During much of the 20th Century in America, most people who lived the American dream—to get a job that would allow them to get into the middle class—had work that involved their hands. Today, with the knowledge economy, that has totally changed. Manufacturing and manual labor jobs are no longer the majority. The skills that are needed today are different and because of that, not only has schooling become more difficult and the learning process more demanding, but we need to make sure that we provide access to the masses if we are going to give them a fair chance to be able to participate and to join the middle class.
We have a problem right now—I think this is a transitional problem—where for the first time this generation is going to be less educated and have less of a standard of living than the generation that preceded them. That’s a real challenge. In order to get the high-wage, high-skill jobs that are in our society today, kids need to go to college—they need to get the skills that will prepare them for those jobs.

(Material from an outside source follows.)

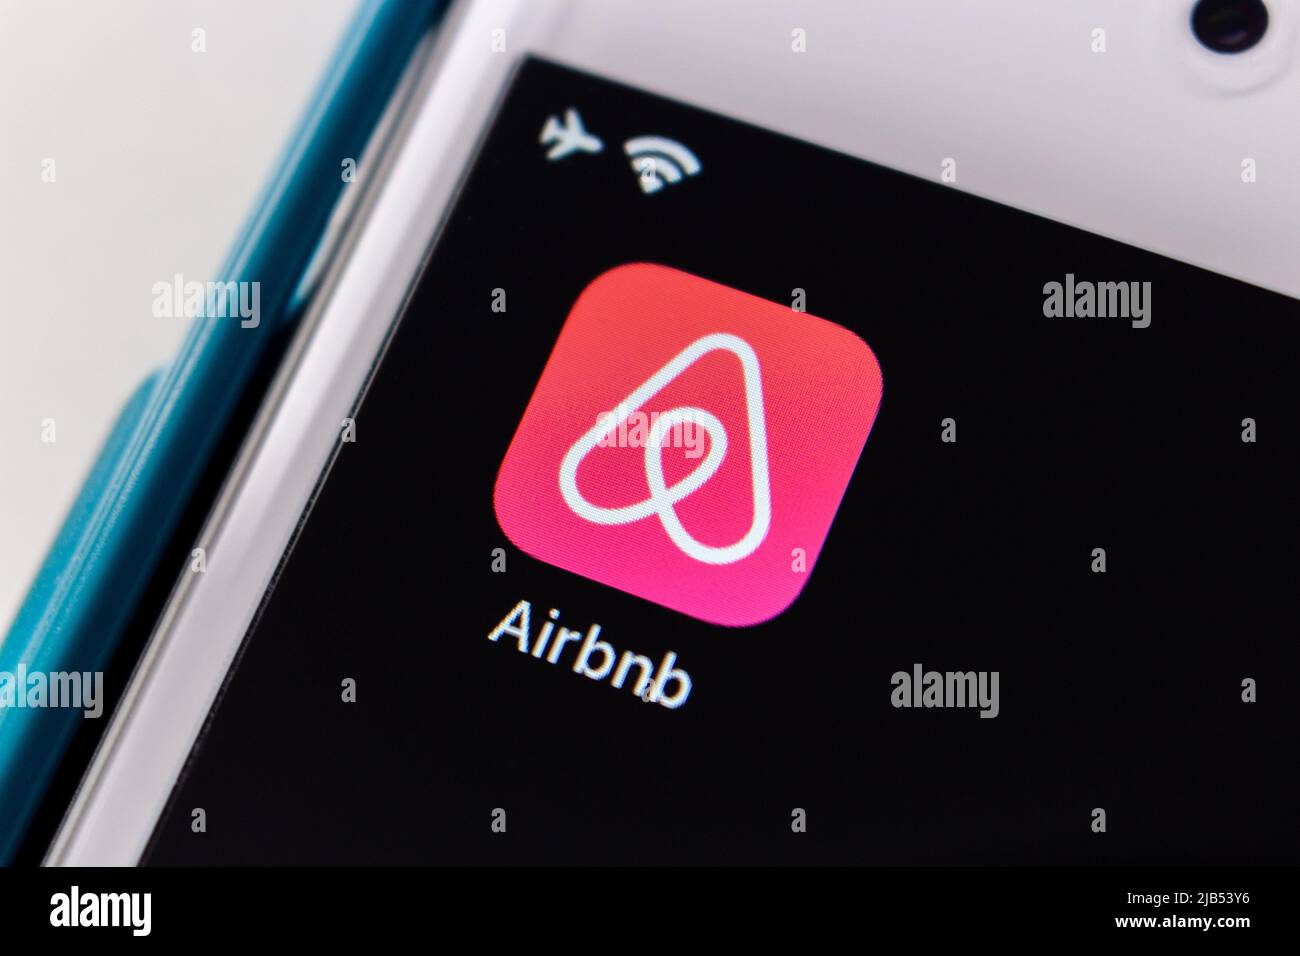 Kumamoto, JAPAN - Dec 17 2020 : Airbnb app, an US online service which lets people rent out the properties or spare rooms to guests via app, on iPhone Stock Photo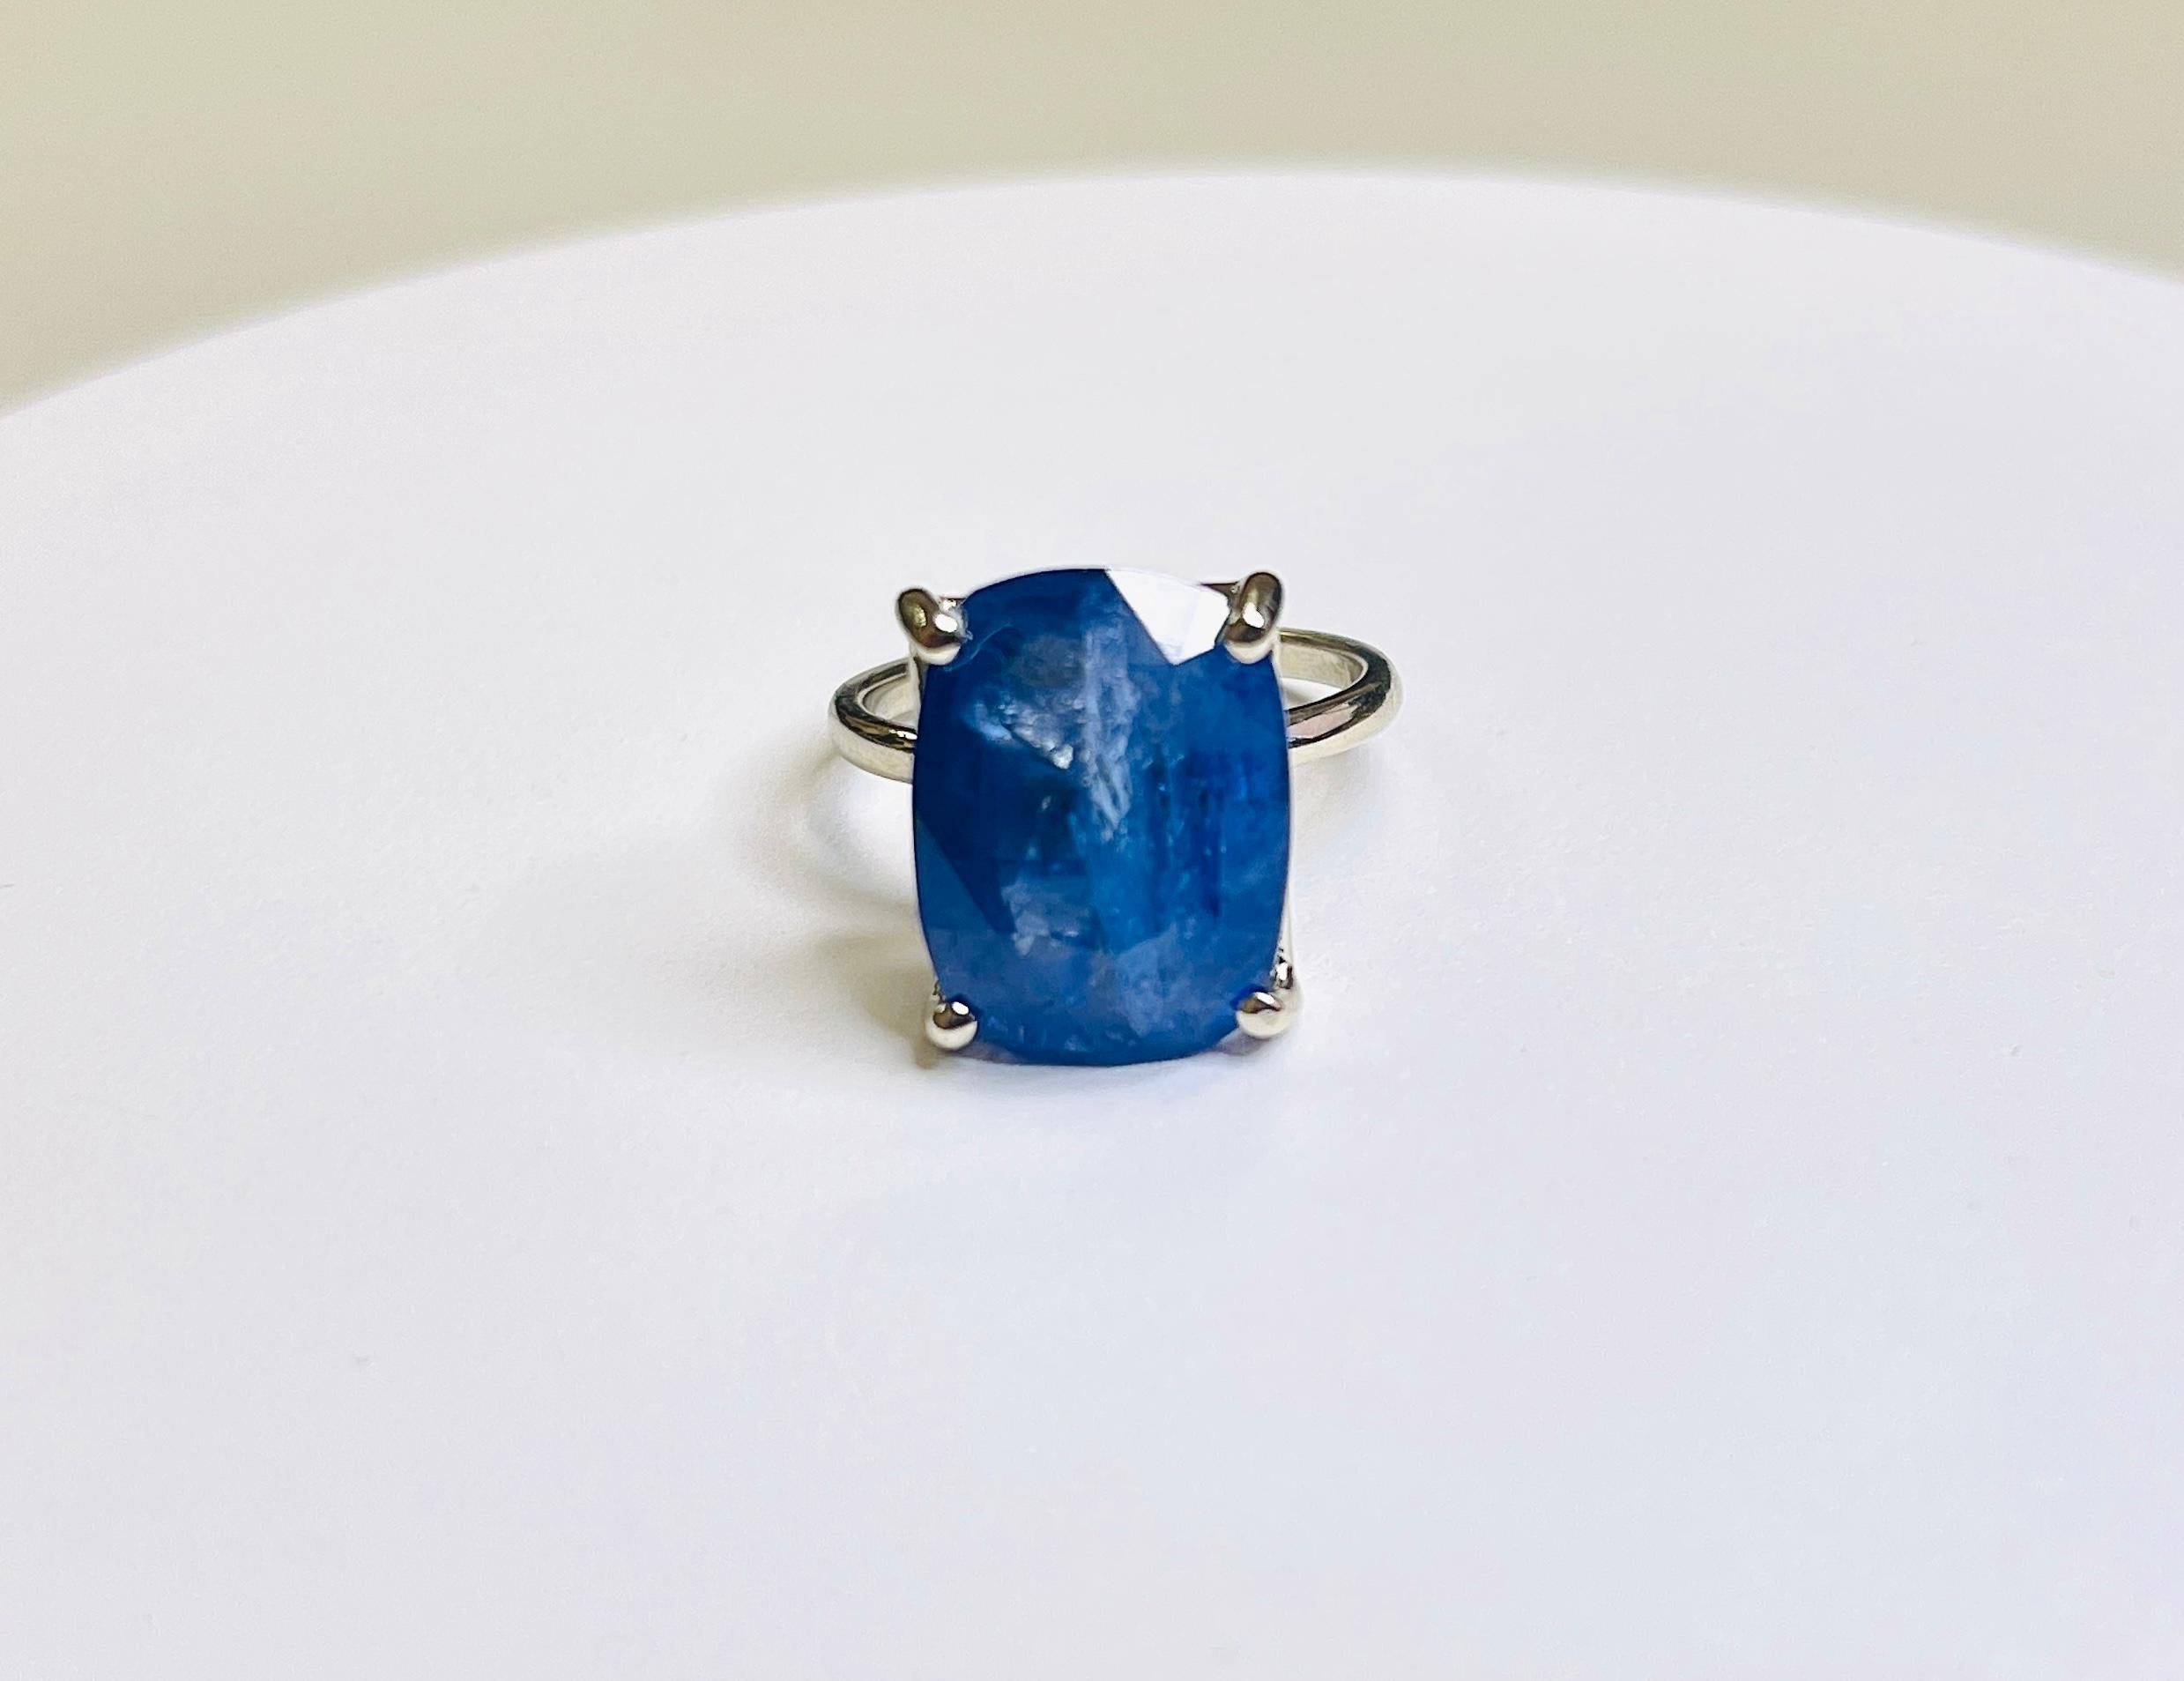 13.42 Carat Intense Blue Cushion Cut Natural Sapphire 14K White Gold Ring In New Condition For Sale In Great Neck, NY

When you look at unemployment statistics today, what you realize immediately is that people without a high school diploma represent three and four times the number of unemployed than the people with baccalaureate degrees. If you look at jails today, 90 percent of the people incarcerated are people who are high school dropouts. Every measure indicates that a lack of education is the main problem.
For us to be able to compete in the global economy, for us to be able to retain our position of leadership in the world, we have to wake up and make education a priority. And families need to understand that.
Q: How do you engage families beyond the traditional means?
A: We all have to collaboratively work together.
As I finished up the interview with Dr. Padrón, Diana Campoamor, President of Hispanics in Philanthropy, walked up to embrace him. And then she proudly exclaimed, “By the way, I am a product of Miami Dade Community College and I am on the next panel! If it hadn’t been for Miami Dade, I wouldn't be here.”